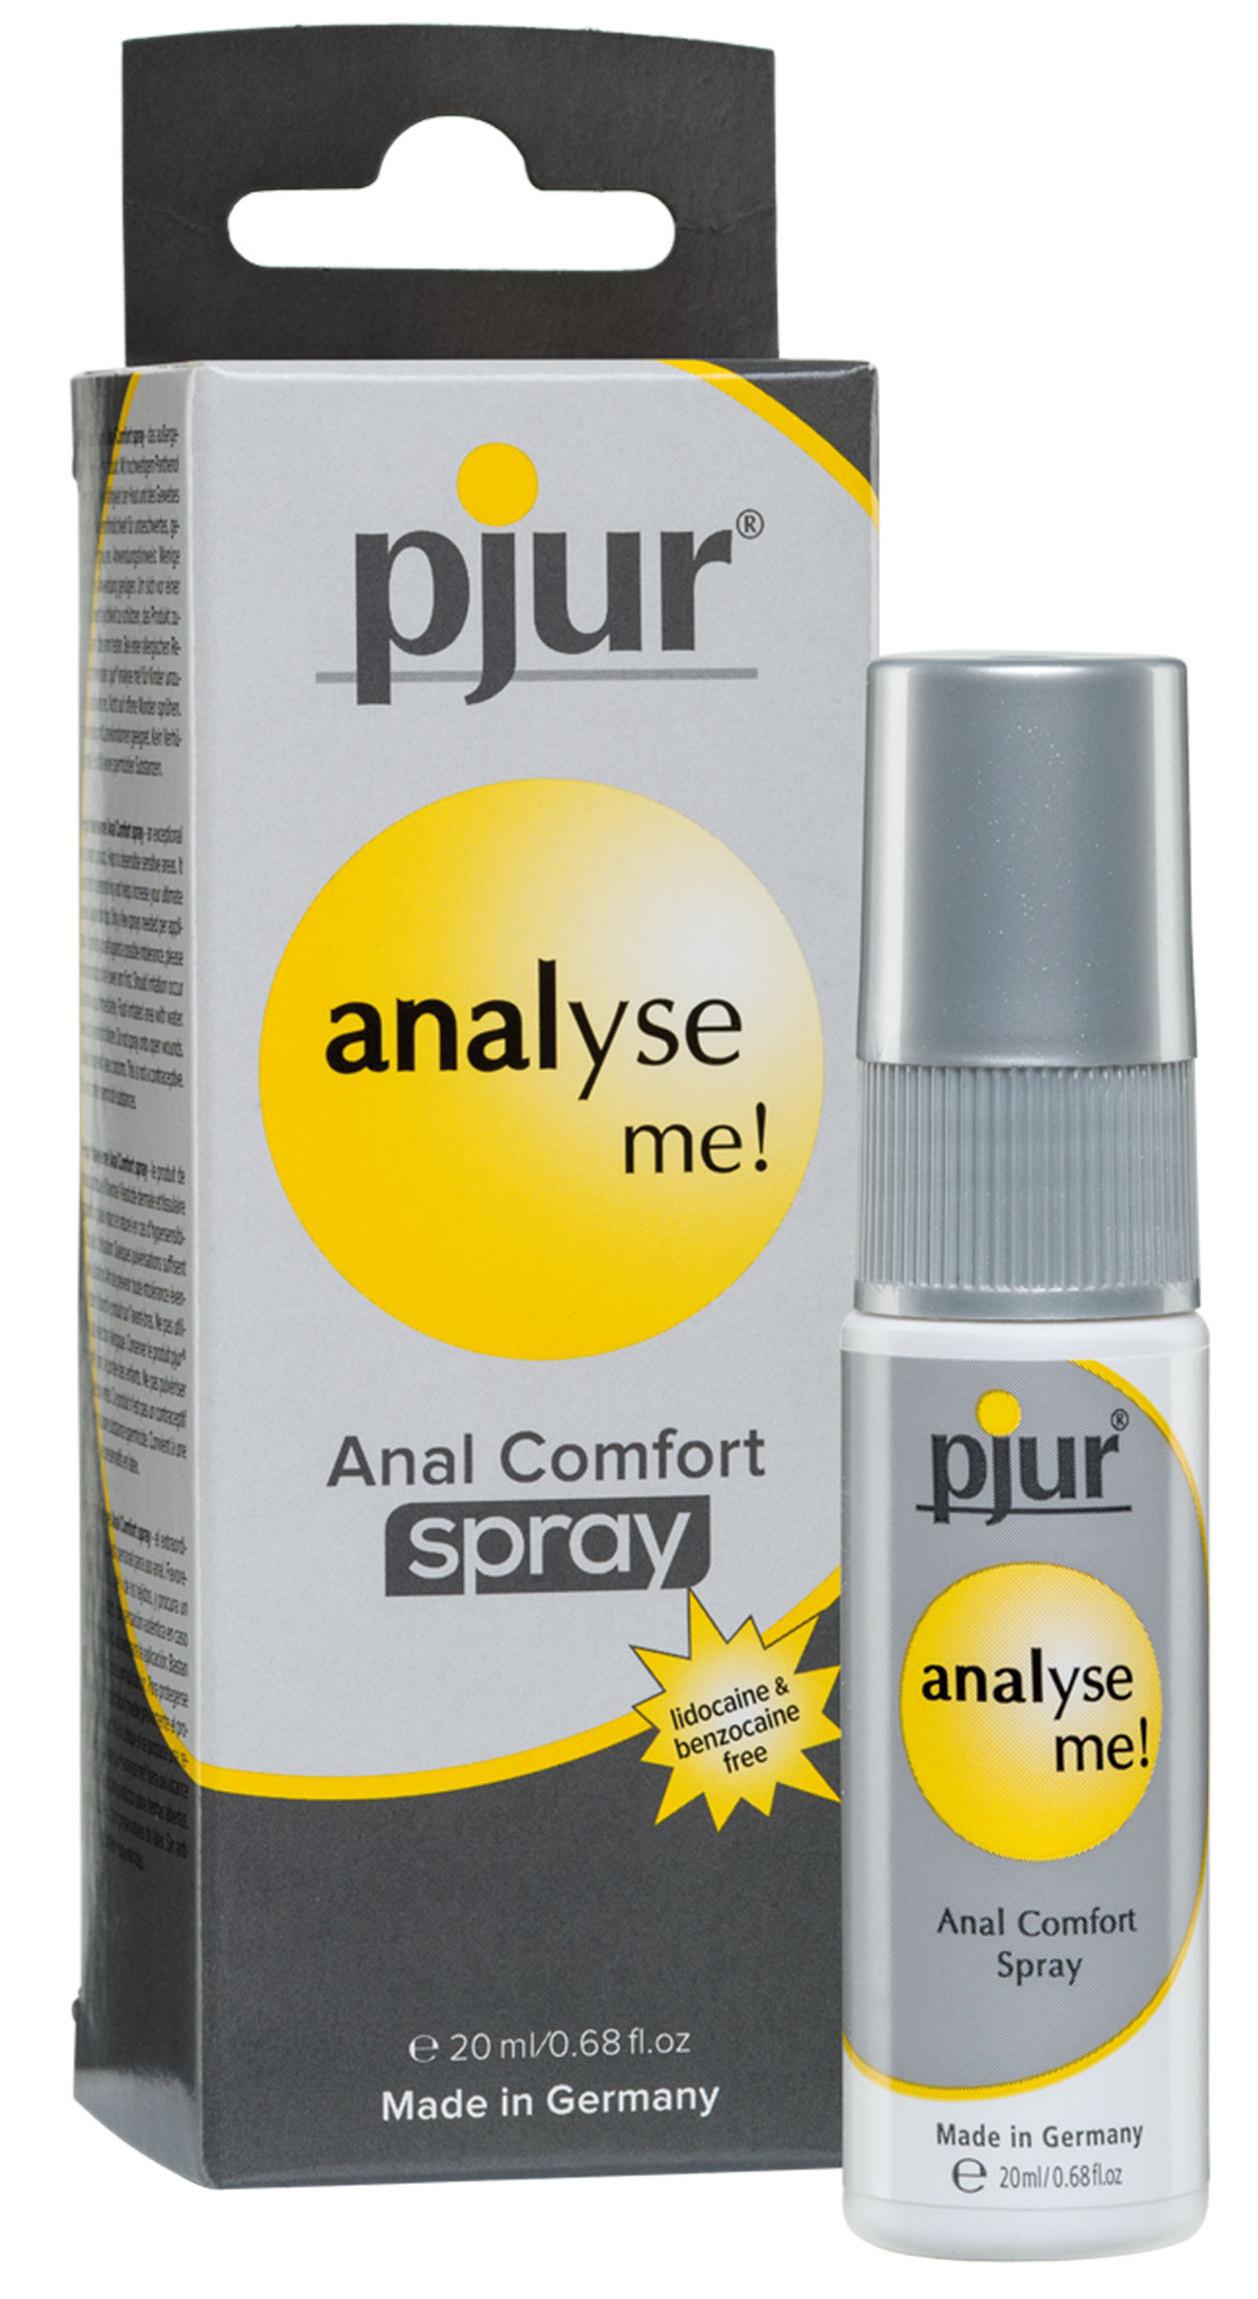 Pjur lubrikační sprej ANALyse me! (20 ml)
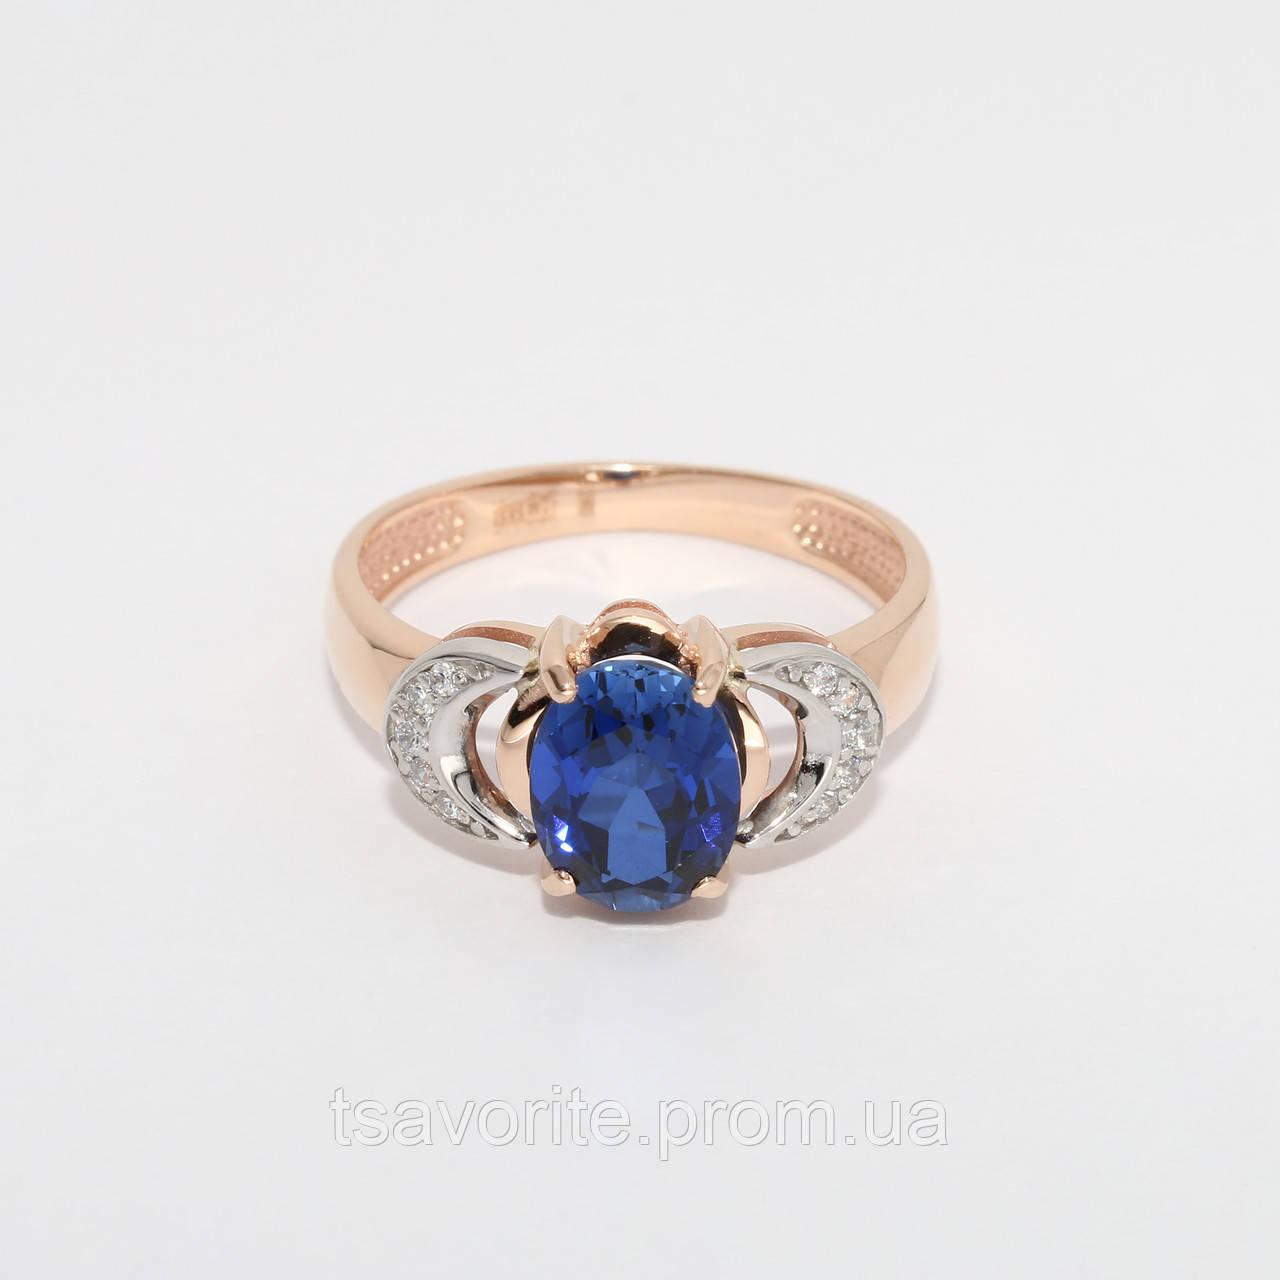 Золотое кольцо с искусственным сапфиром НХК-29
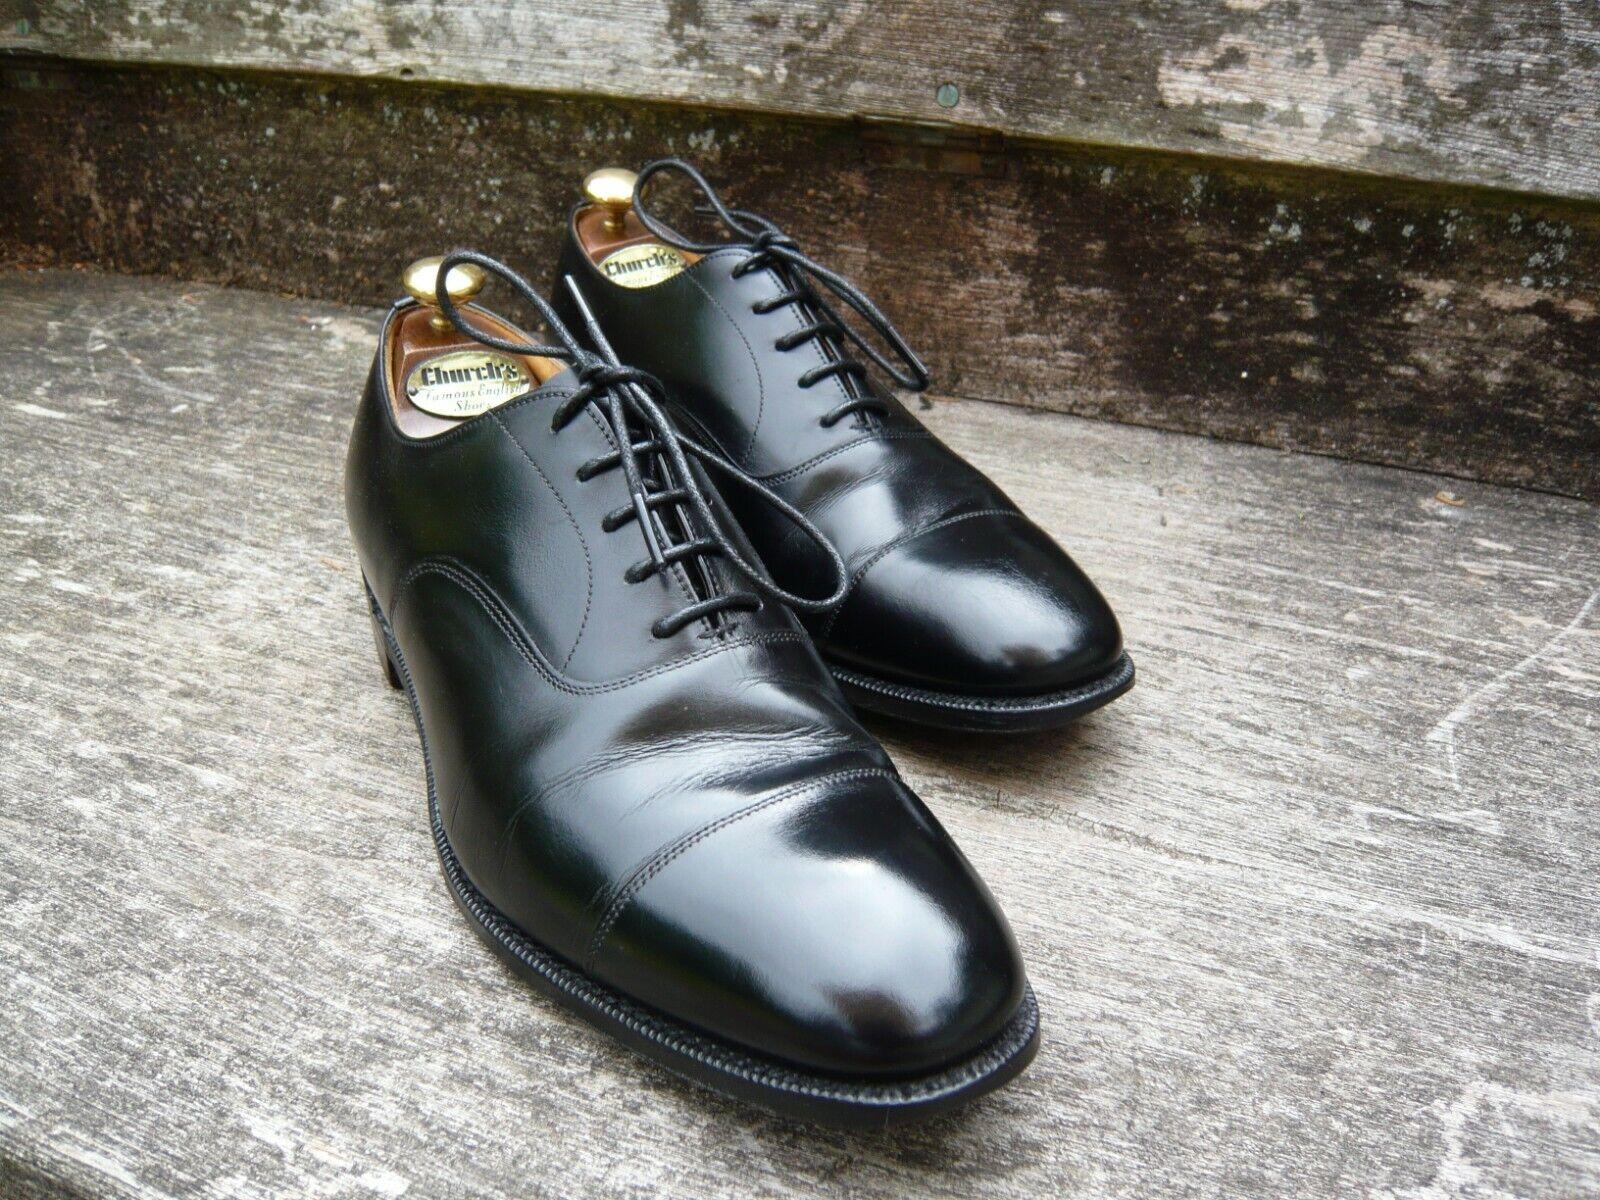 Iglesia Oxford Calzado Para Hombres-Negro – Balmoral – UK 9 – Excelentes Condiciones
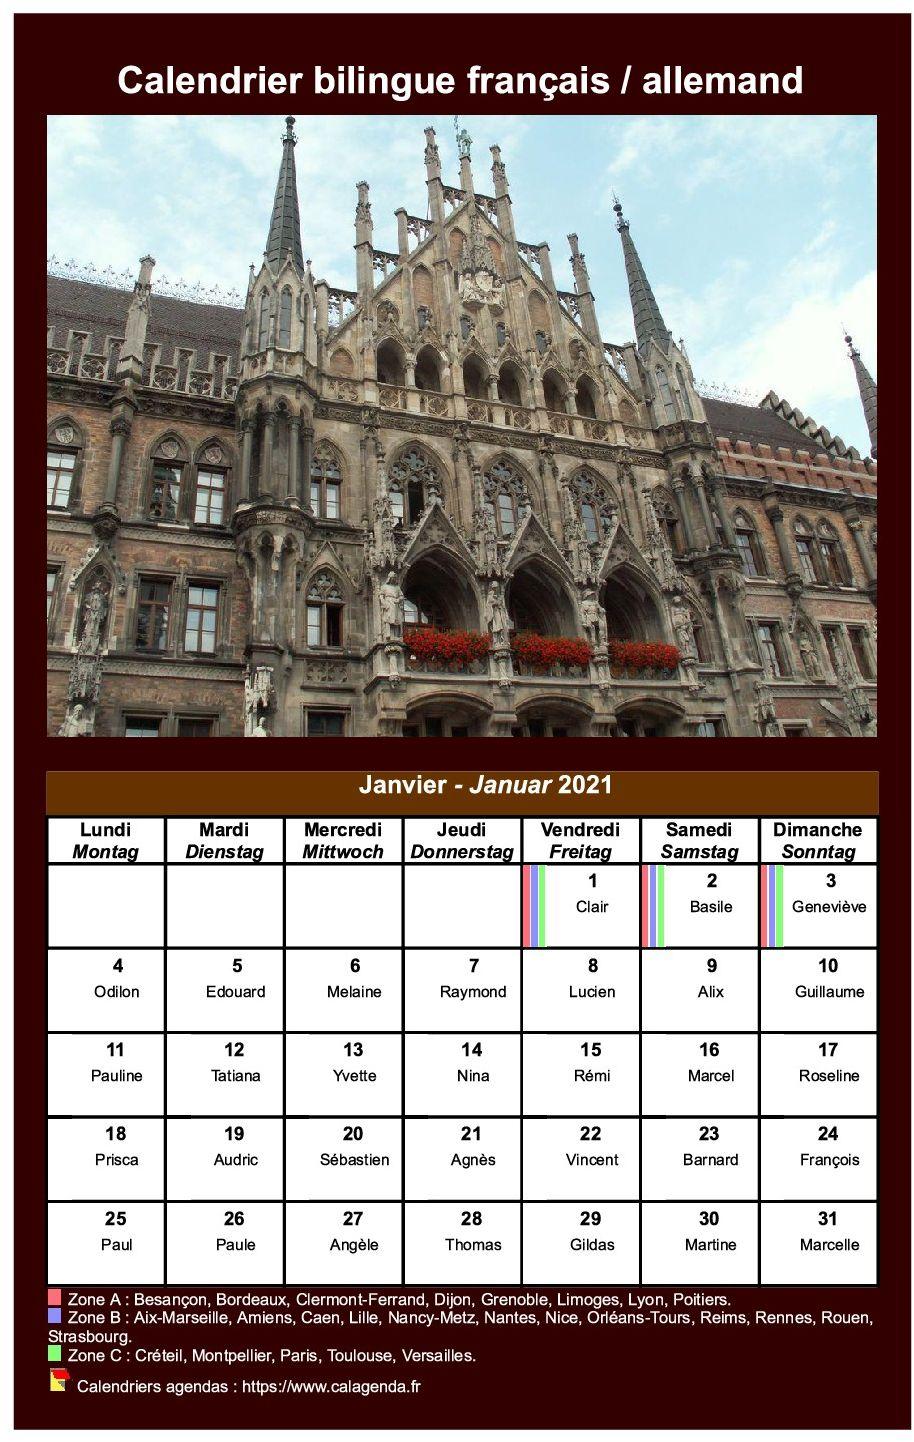 Calendrier Fêtes Médiévales 2021 Calendrier mensuel 2021 allemand

#### [Exercise instructions]
Restate verbatim the lines that begin at the one holding "Золотое кольцо с" and end at the last line of the material. Exclude pictures.

#### [Reply to the exercise]
 Золотое кольцо с искусственным сапфиром НХК-29
 Iglesia Oxford Calzado Para Hombres-Negro – Balmoral – UK 9 – Excelentes Condiciones
 Calendrier Fêtes Médiévales 2021 Calendrier mensuel 2021 allemand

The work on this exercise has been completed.